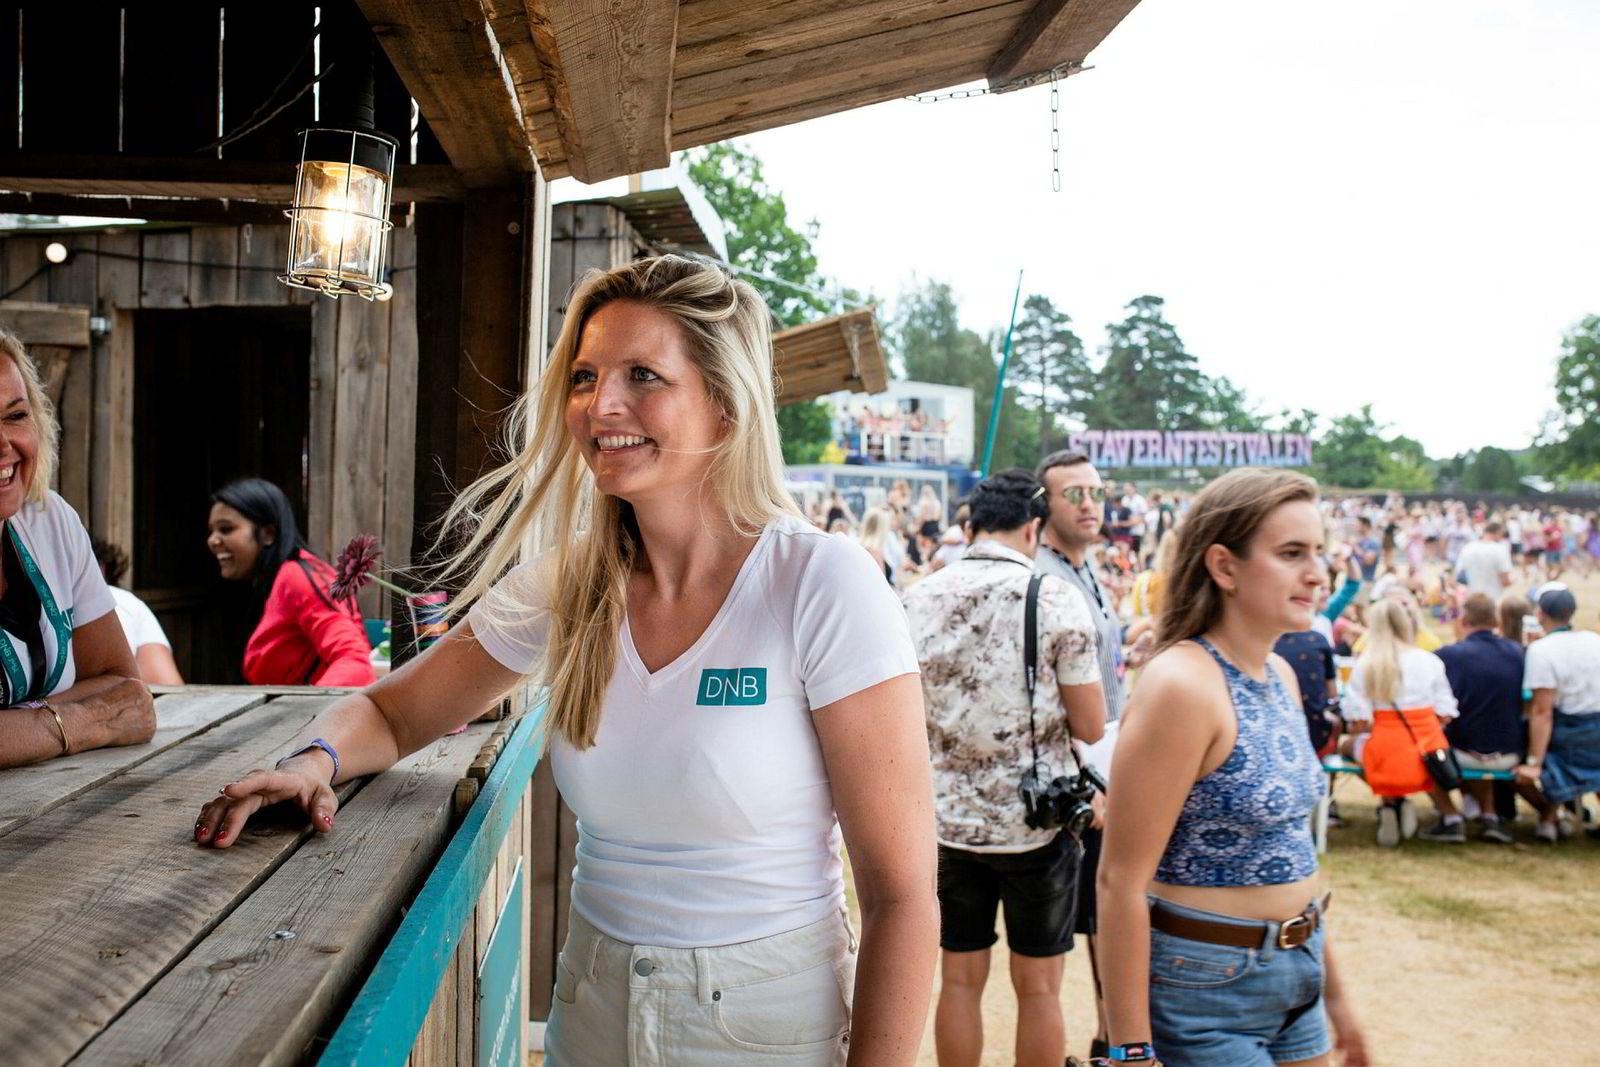 DNB er blant sponsorene til Stavernfestivalen, og er på området for å møte unge potensielle kunder, her ved sponsorsjef Tina Wesselsen.
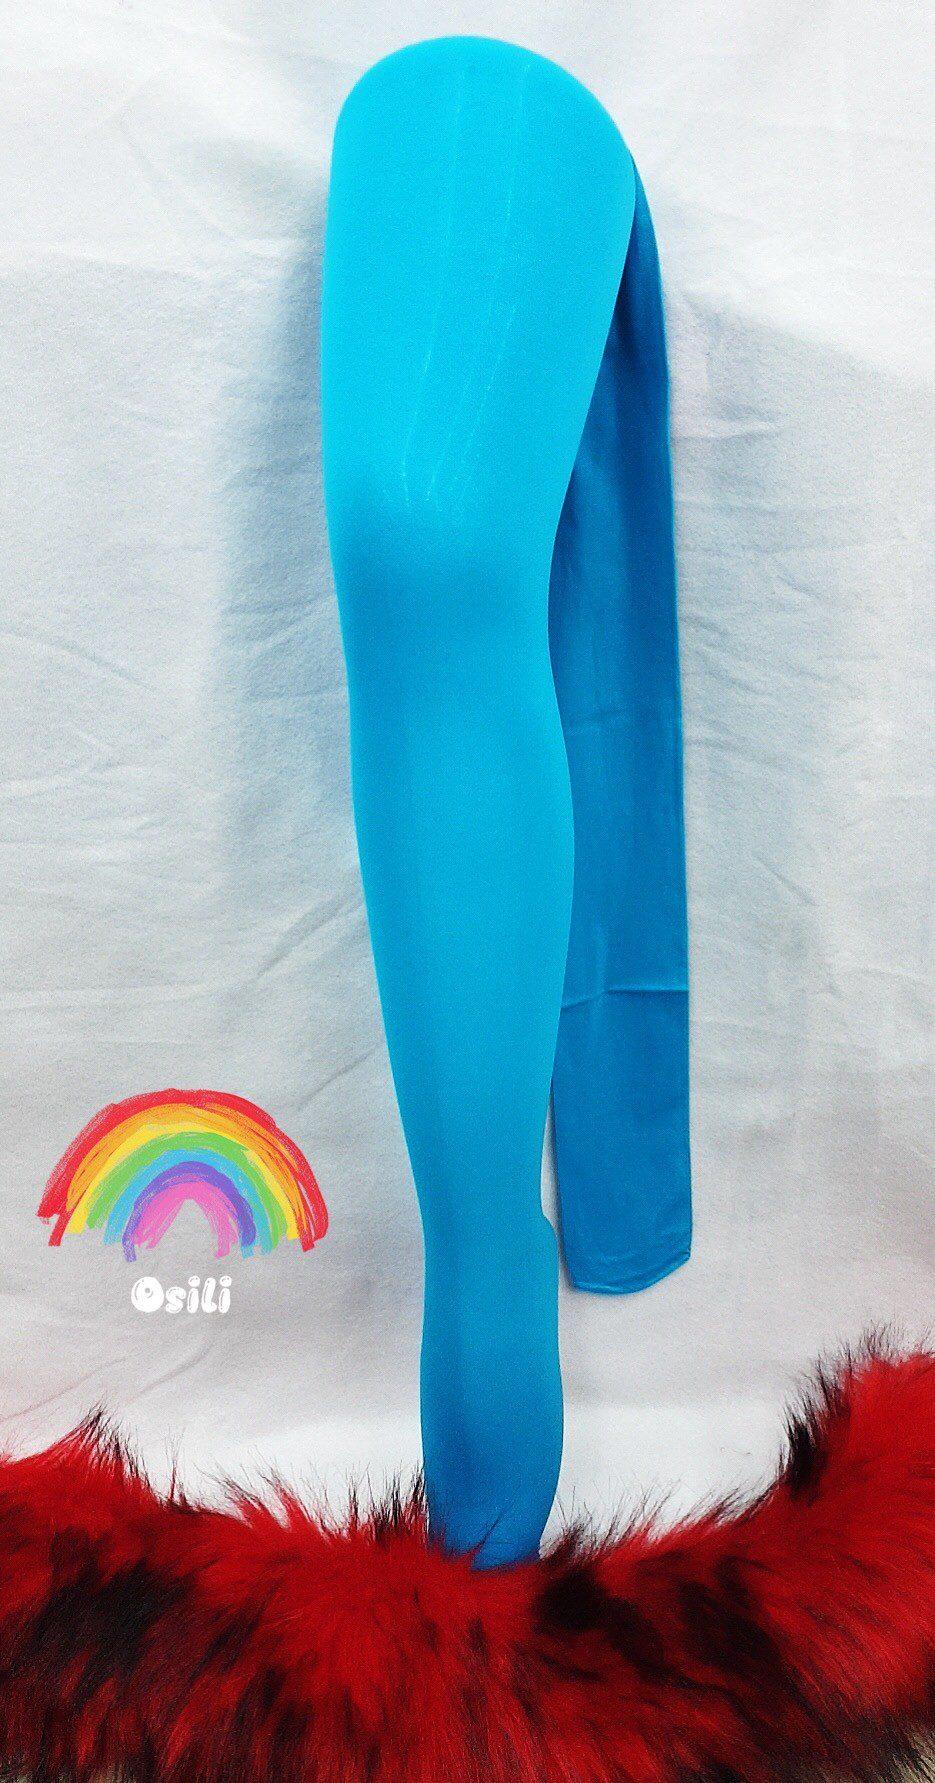 7F86BA86 A08E 4A22 94B1 6C0FE0327AC9 Osili - Fashion - Divat
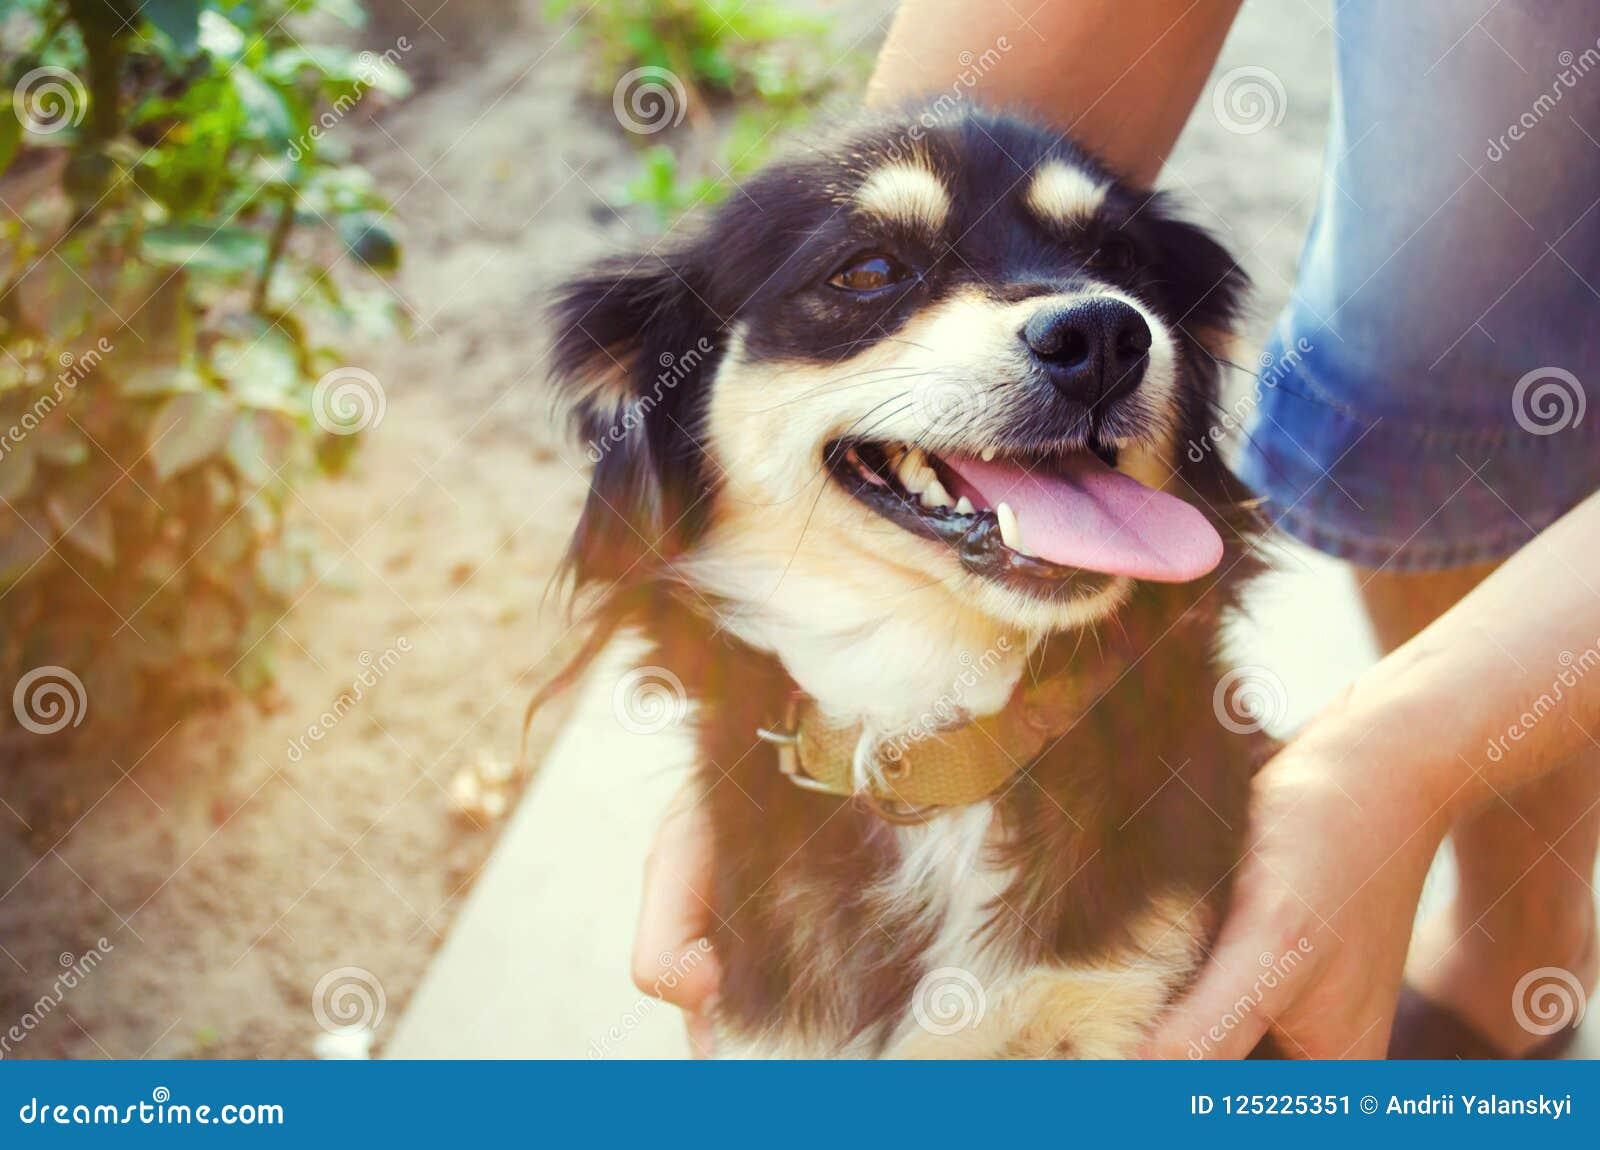 Lycklig fri tid med den älskade hunden! grabben spelar med ett husdjur i det trädgårds-/parkerar på en solig dag Svart vovve frit
━━━━━━
* **Work request**: Beginning at the first line of the listing, print each line exactly until and including the one that has "7F86BA86 A08E 4A22"; skip pictures.

* **Answer for this exercise**:
 DNB er blant sponsorene til Stavernfestivalen, og er på området for å møte unge potensielle kunder, her ved sponsorsjef Tina Wesselsen.
 7F86BA86 A08E 4A22 94B1 6C0FE0327AC9 Osili - Fashion - Divat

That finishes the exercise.